_Recorded information_
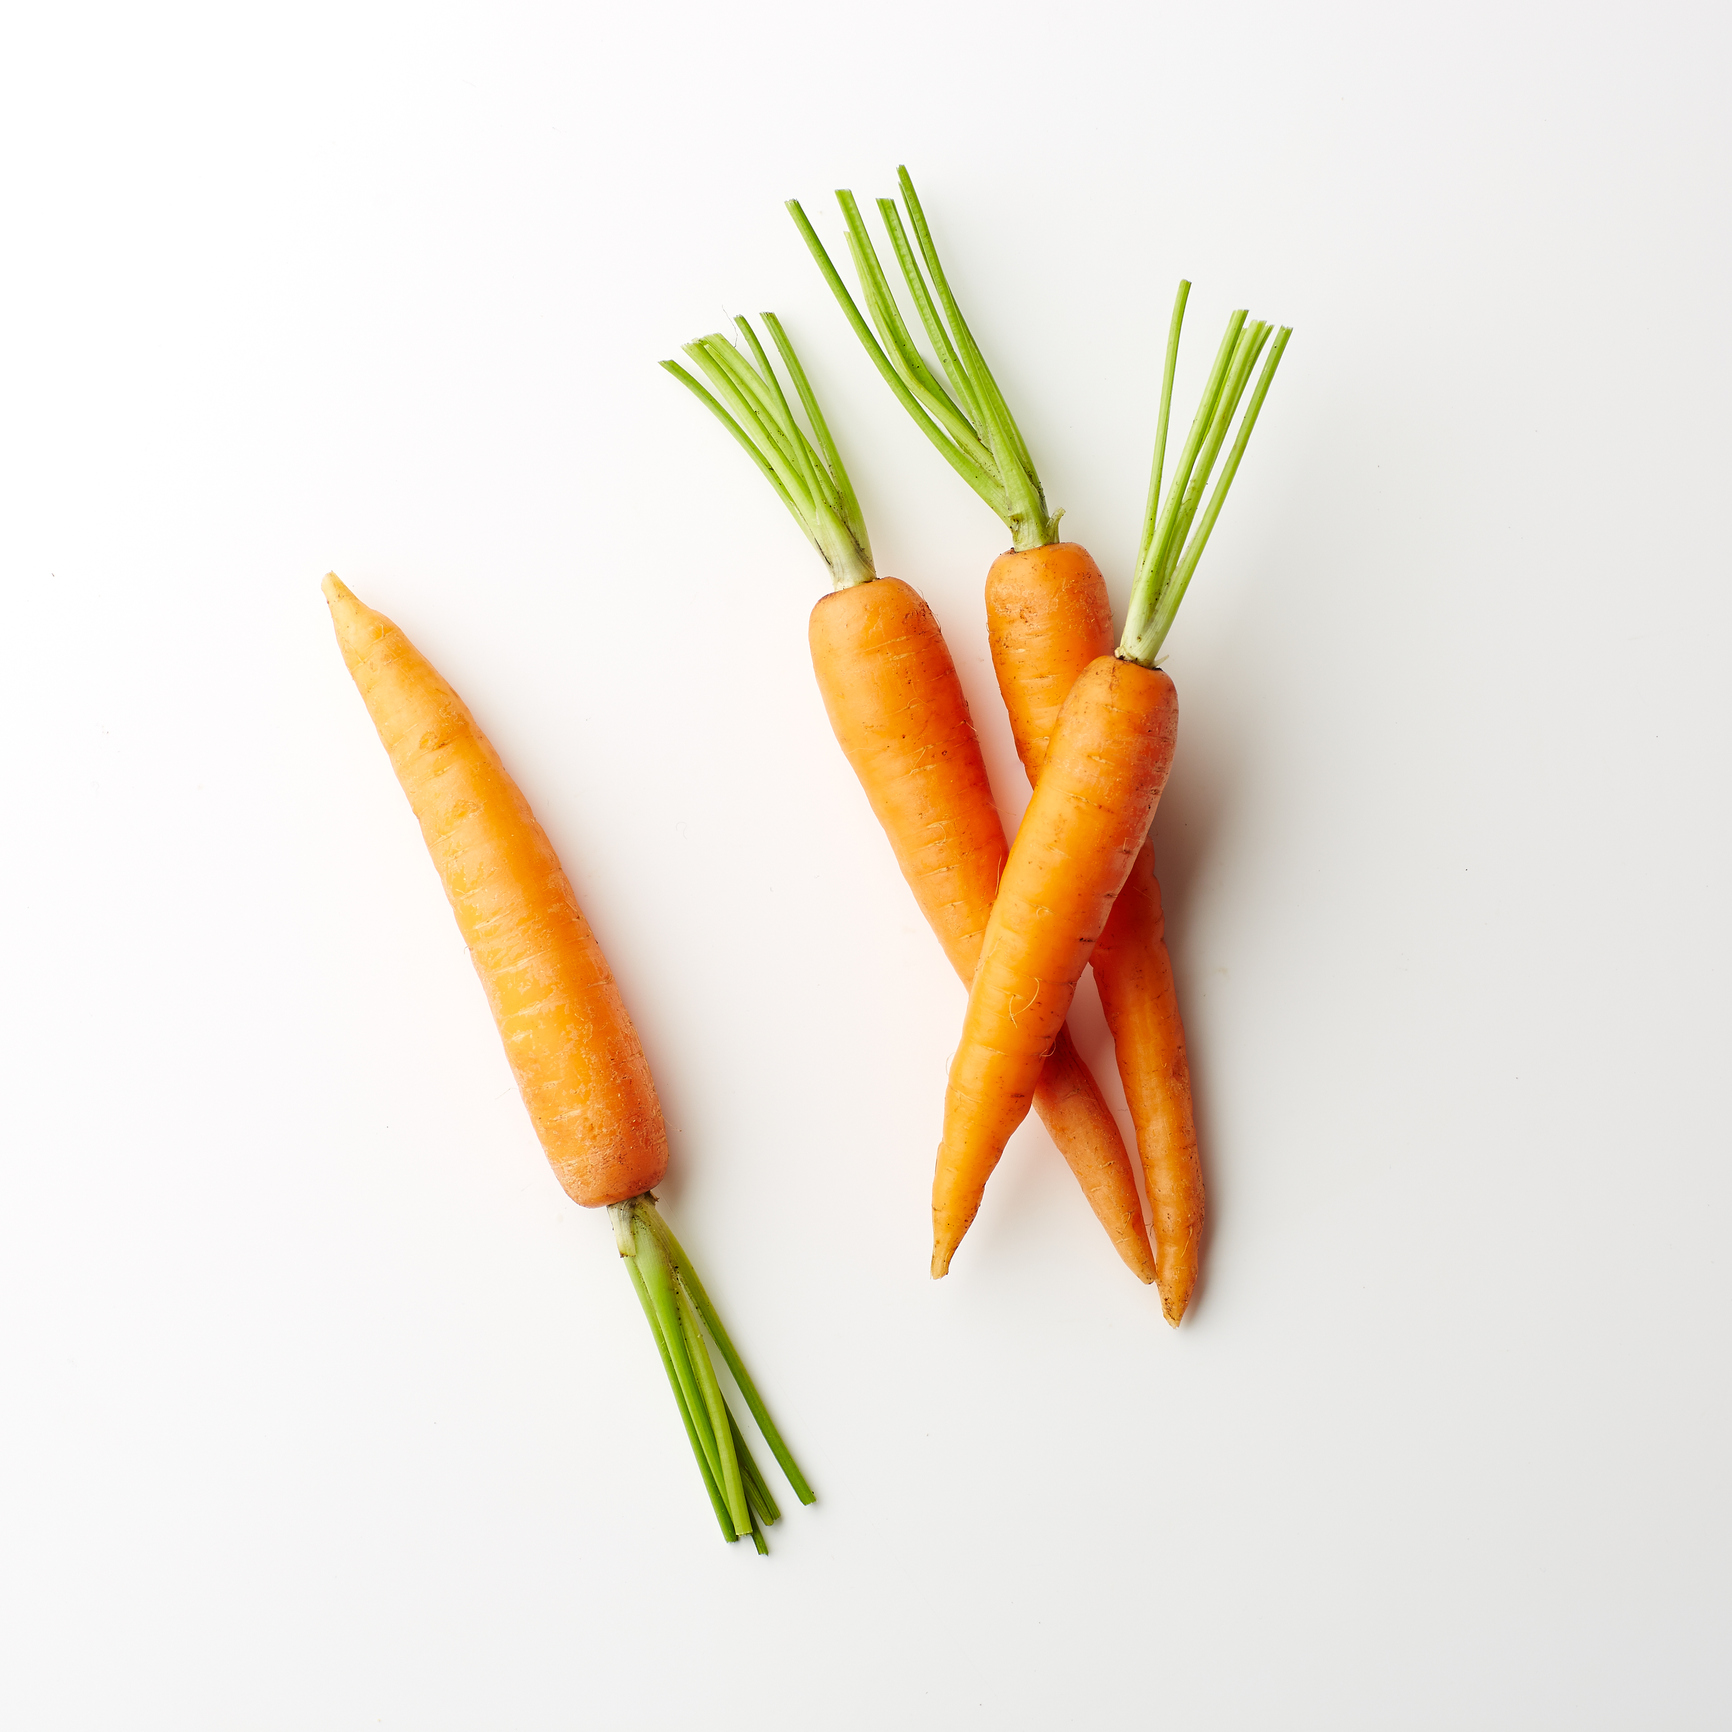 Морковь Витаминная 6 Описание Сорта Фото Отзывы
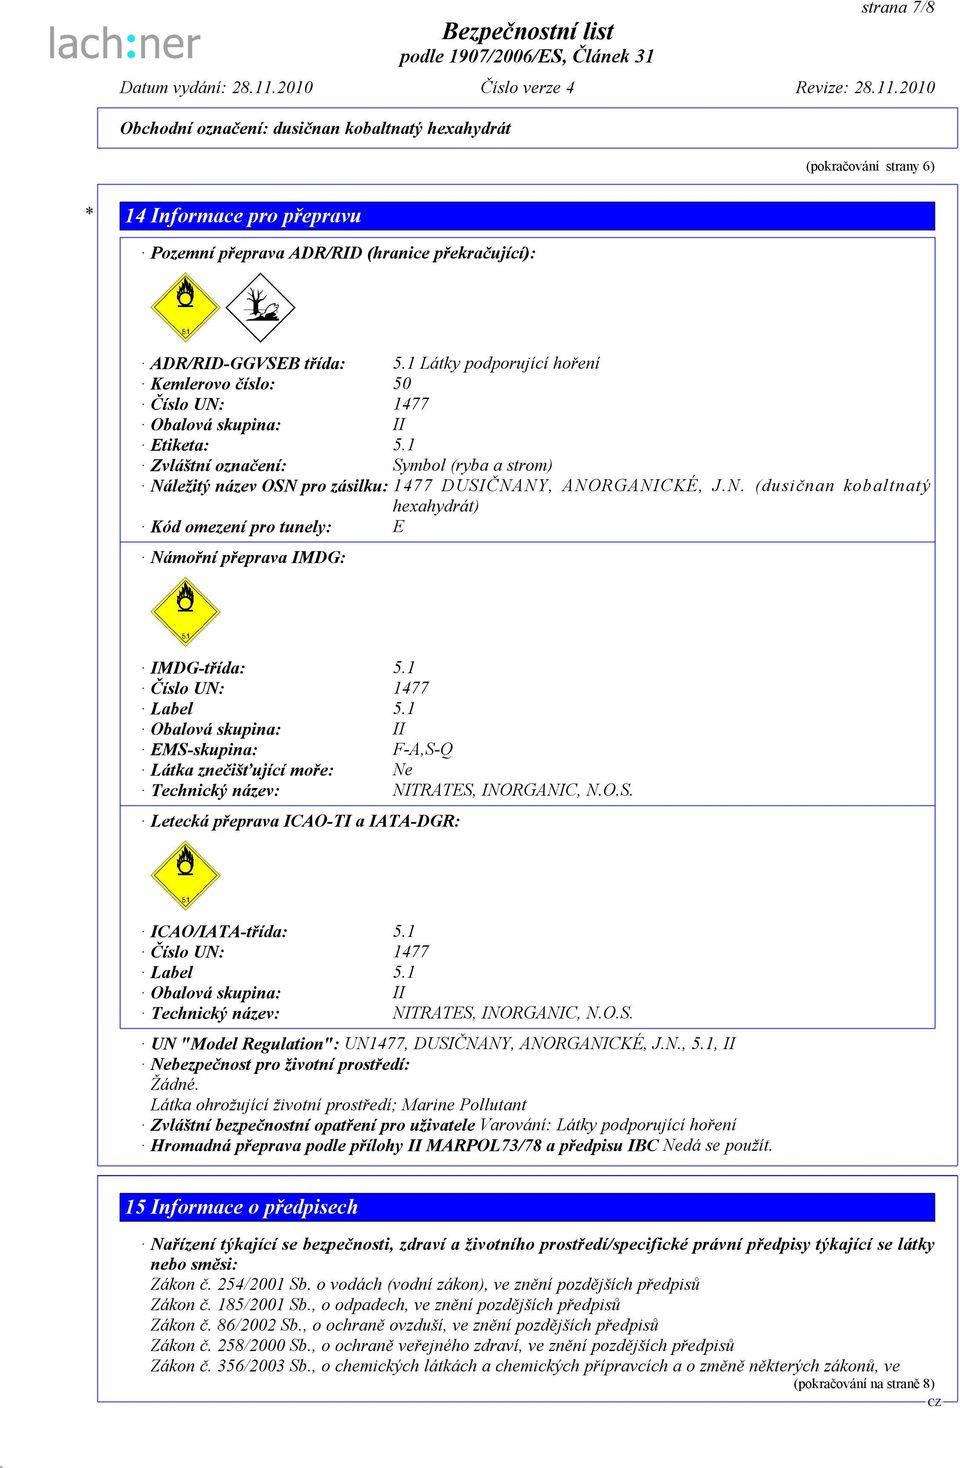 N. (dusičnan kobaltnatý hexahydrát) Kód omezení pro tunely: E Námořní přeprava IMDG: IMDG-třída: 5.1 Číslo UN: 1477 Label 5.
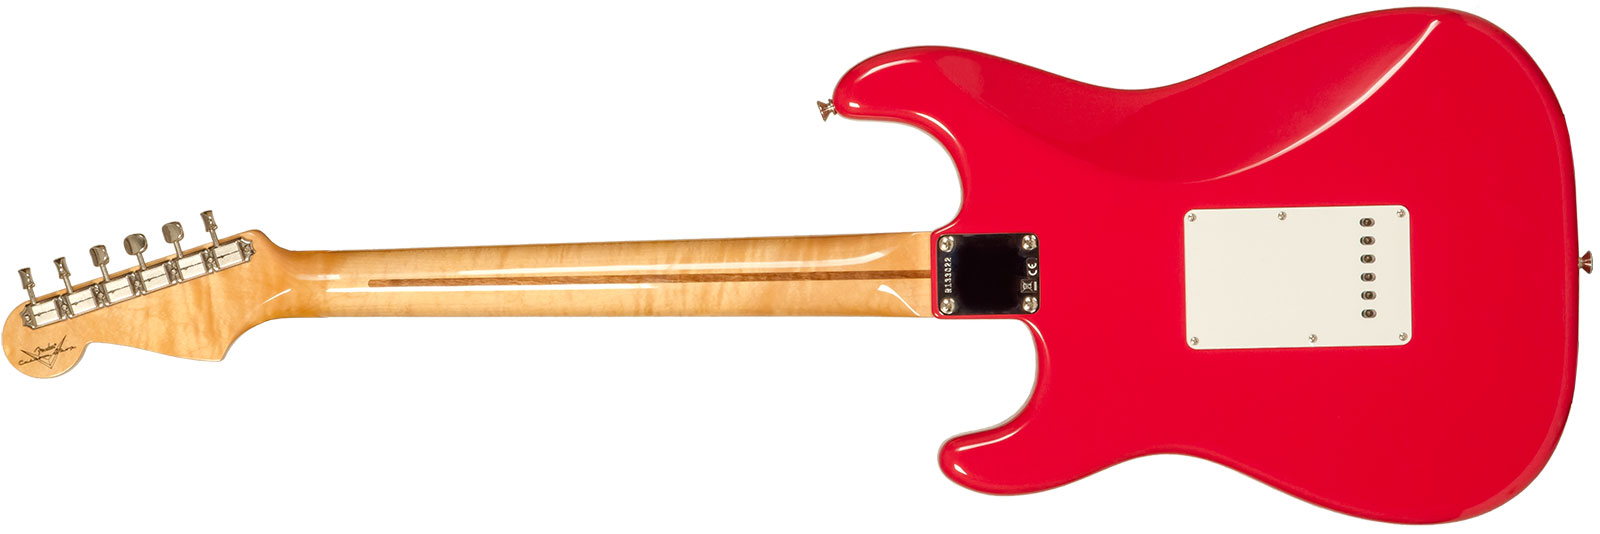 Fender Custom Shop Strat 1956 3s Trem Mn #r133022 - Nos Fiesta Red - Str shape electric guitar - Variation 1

_Exercise prompt_
Reprint the whole listing verbatim except for the pictures.

_Task answer_
 Морковь Витаминная 6 Описание Сорта Фото Отзывы
 N. (dusičnan kobaltnatý hexahydrát) Kód omezení pro tunely: E Námořní přeprava IMDG: IMDG-třída: 5.1 Číslo UN: 1477 Label 5.
 Fender Custom Shop Strat 1956 3s Trem Mn #r133022 - Nos Fiesta Red - Str shape electric guitar - Variation 1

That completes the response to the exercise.